BPELUnit Tutorial - Unit Testing BPEL processes with Test Coverage - Part II

Author: Buddhika Chamith
Version: 2009-07-22

In the second part of this two part tutorial, how to unit test a process inclusive partner service calls will be covered. Since this will be an extension of the first part of the tutorial it is assumed you have completed the first part of this tutorial and have the test suite project available for modification.

This time we will be using a different input to the process with different language codes so that the process will invoke the external translator service. The completed test project can be found here.

Course of Action

  1. Open up the test suite file in the editor. It should look like the following from the first part of the tutorial.

    Screenshot: Test suite


  2. Add a new test case: We are going to add a new test case to test the else branch of the process.
    • Click on the Add... button of Test Cases and Tracks section.
    • Give the name of the new test case as Greet2.
    • Click OK.
  3. Add the message sent to the process: We are going to modify the message sent to the process to include different language codes so that process will invoke the TranslatorService.
    • Click on the client in Greet2 test case within the Test Cases and Tracks section.
    • Choose the Add... button in the activities section. Choose the Send/Receive Synchronous activity and confirm.
    • Choose for following in Send/Receive Synchronous dialog if they are not already filled out automatically.
    • Service: Translator
      Port: TranslatorPort
      Operation: process
    • Copy and paste the following in the "Data to be sent" text area of the dialog box.
      <TranslatorProcessRequest 
      xmlns="http://www.se.uni-hannover.de/soa08/tutorial/TranslatorProcess"> <From>GE</From> <To>EN</To> <Text>Gruß</Text> </TranslatorProcessRequest>
      (Greetings translated to German is Gruß)
    • Click Next to enter the assertions for this test case.
    • Click Add and enter //tran:TranslatorProcessResponse/tran:Text as the XPath query and 'Greetings' as the expected value. Please be aware of the quotes that are necessary to denote that Greetings is an XPath string. Your dialog should then look like in the following figure:

      Screenshot: Send/Receive Synchronous Activity specification


    • Click finish to save the modifications.
  4. Add a send activity to TranslatorPartner: This will allow the mock TranslatorService to return a reply when it is going to be invoked by the process.
    • Click on the TranslatorPartner in Greet2 test case within the "Test Cases and Tracks" section.
    • Click on the Add... button in the "Activities" section.
    • Click on Receive/Send Synchronous and click OK.
    • Following dialog would come up.

      Screenshot: Receive/Send Synchronous Activity specification


    • Click Next button. Copy and paste the following to the Data to be sent text area of the dialog.
      		<TranslateResponse 
      xmlns="http://www.se.uni-hannover.de/soa08/tutorial/TranslatorService"> <Text>Greetings</Text> </TranslateResponse>

    • Click Finish button.
  5. Run the test suite: Save the test suite and run it by selecting the suite.bpts file in the Project Explorer and choosing Run as/ BPELUnit Test Suite from the context menu of the suite.bpts file.
    • The BPELUnit view should appear as in the first part, in which you can observe the progress of the test run.
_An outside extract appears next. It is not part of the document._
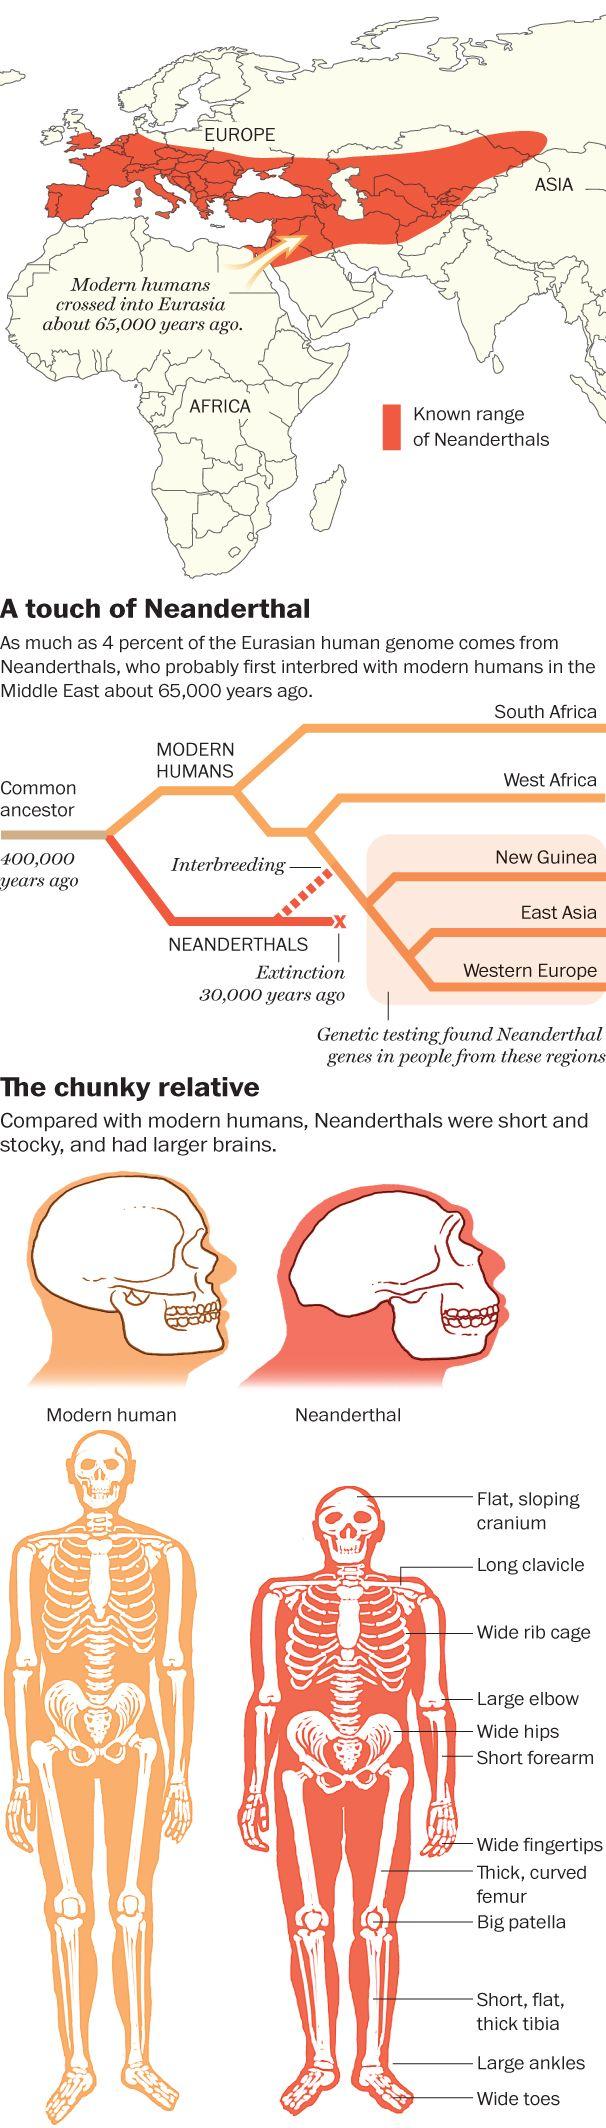 Mark of the Neanderthal - The Washington Post

      Screenshot: BPELUnit view showing test run results


    • Also the Test Coverage view should be updated and shows you the new test coverage results. In this case it shows two assignment activities out of three were executed while the single invoke in the process (invoke to TranslatorService) was executed in this test's execution path.
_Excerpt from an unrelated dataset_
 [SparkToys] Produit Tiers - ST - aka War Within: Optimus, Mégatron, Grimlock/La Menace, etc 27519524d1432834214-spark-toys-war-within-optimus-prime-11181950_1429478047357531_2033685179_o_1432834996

      Screenshot: Test Coverage view showing test coverage


    • You can see the overall coverage of two test cases by checking both test cases in Test Cases section of the Test Coverage view.
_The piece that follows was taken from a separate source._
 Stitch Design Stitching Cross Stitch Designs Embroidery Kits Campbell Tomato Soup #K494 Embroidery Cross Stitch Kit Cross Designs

      Screenshot: Test Coverage view showing overall test coverage


    • The test coverage is now 100%. This means that both test cases together have triggered all activities in the BPEL process. The test coverage is a good indicator for the quality of a test suite. The nearer it is to 100% the better it should be. However, it is only an indicator. Even if the test suite reaches 100% and no errors are found, there can be still errors in the BPEL process although they are less likely. In the end, the quality of the test data and assertions will determine the quality of your tests and the number of errors you will spot.

Writing automated tests with BPELUnit is simple as has been shown in this tutorial. Together with Apache ODE and the Eclipse BPEL Editor you have very powerful Open Source tools for BPEL development.